Polygon Generalization
Definition
Polygon generalization simplifies complex geometries to make maps legible at smaller scales while preserving essential shape and topology. Techniques include Douglas–Peucker simplification, Visvalingam–Whyatt, bend simplification, smoothing, squaring, and collapse/merge operations for small features. Good generalization is context-aware: shorelines simplify differently from city blocks; islands must not disappear; shared boundaries must remain coincident between layers; and topology must avoid gaps and overlaps. Multi-scale cartography uses multiple geometry representations tuned to zoom levels. Beyond aesthetics, generalization affects analytics—area, perimeter, and adjacency change—so provenance and limits should be documented.

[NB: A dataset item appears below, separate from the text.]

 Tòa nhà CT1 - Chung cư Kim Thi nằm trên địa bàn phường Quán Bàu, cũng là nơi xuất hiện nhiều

Automated pipelines often combine heuristics with manual oversight for critical areas.
Application
National basemaps and atlases use generalized boundaries for readability. Navigation maps reduce noise at small scales. Habitat and land-cover products publish small-scale versions to speed web delivery while preventing misleading detail. Disaster maps generalize complex coastal lines to communicate evacuation zones clearly.
FAQ
How do you keep shared borders aligned after simplification?
Generalize in a topologically integrated dataset or apply the same operations to both sides of shared edges to prevent slivers.

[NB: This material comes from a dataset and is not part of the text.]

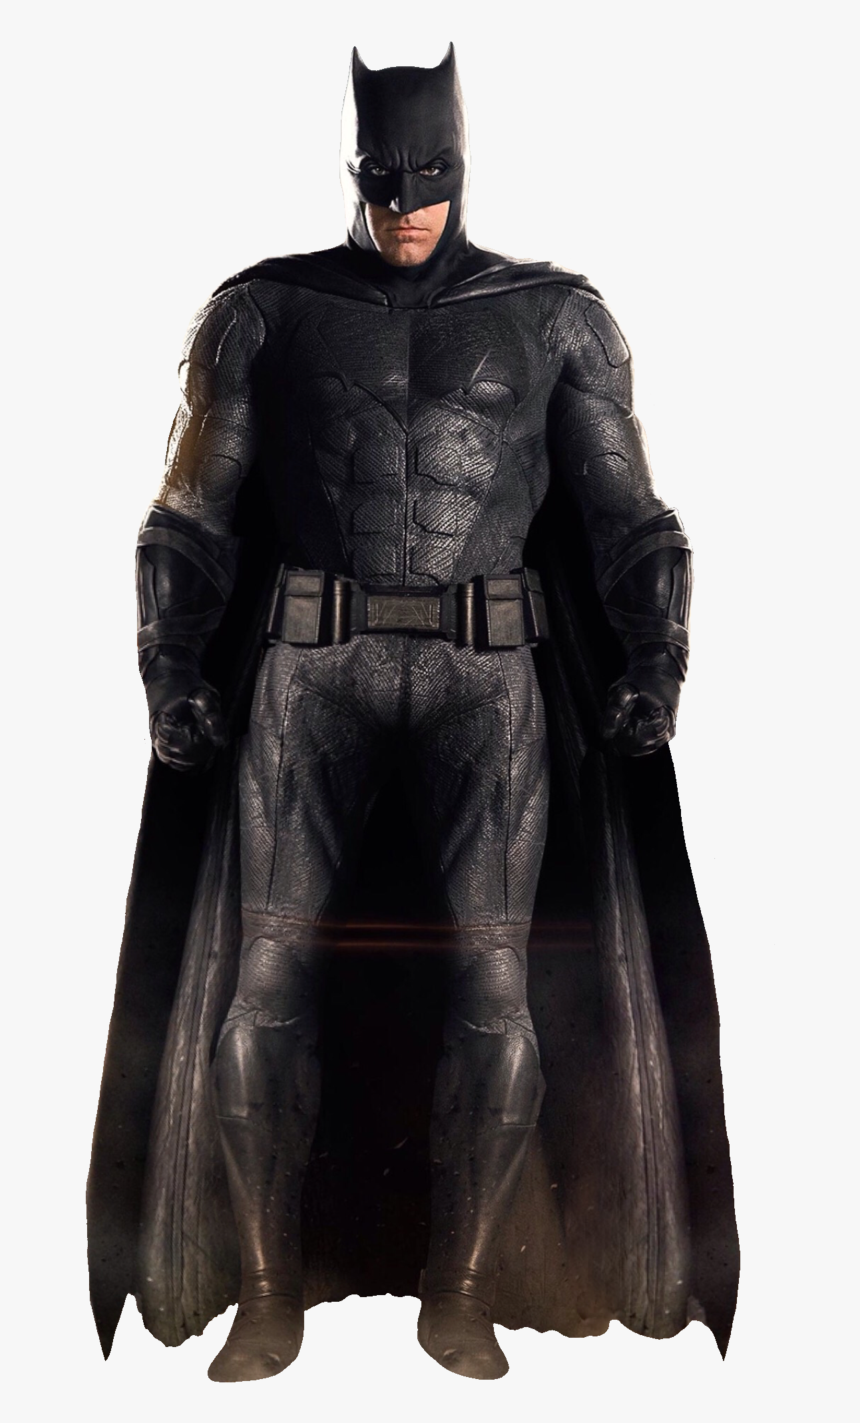 Batman Justice League Png Image - Ben Affleck Batman Png, Transparent Png, Free Download

What’s a safe tolerance value?
It depends on scale and feature importance. Test print/preview at target scale and iterate; use adaptive tolerances tied to local curvature.
Can simplification distort statistics?
Yes—area and perimeter change. For analysis, use unsimplified geometry; reserve generalized layers for visualization unless metrics are adjusted.
How to prevent tiny polygons from vanishing?
Use collapse rules that convert small features to points or emphasize them with symbols; maintain a minimum area threshold with exceptions for critical sites.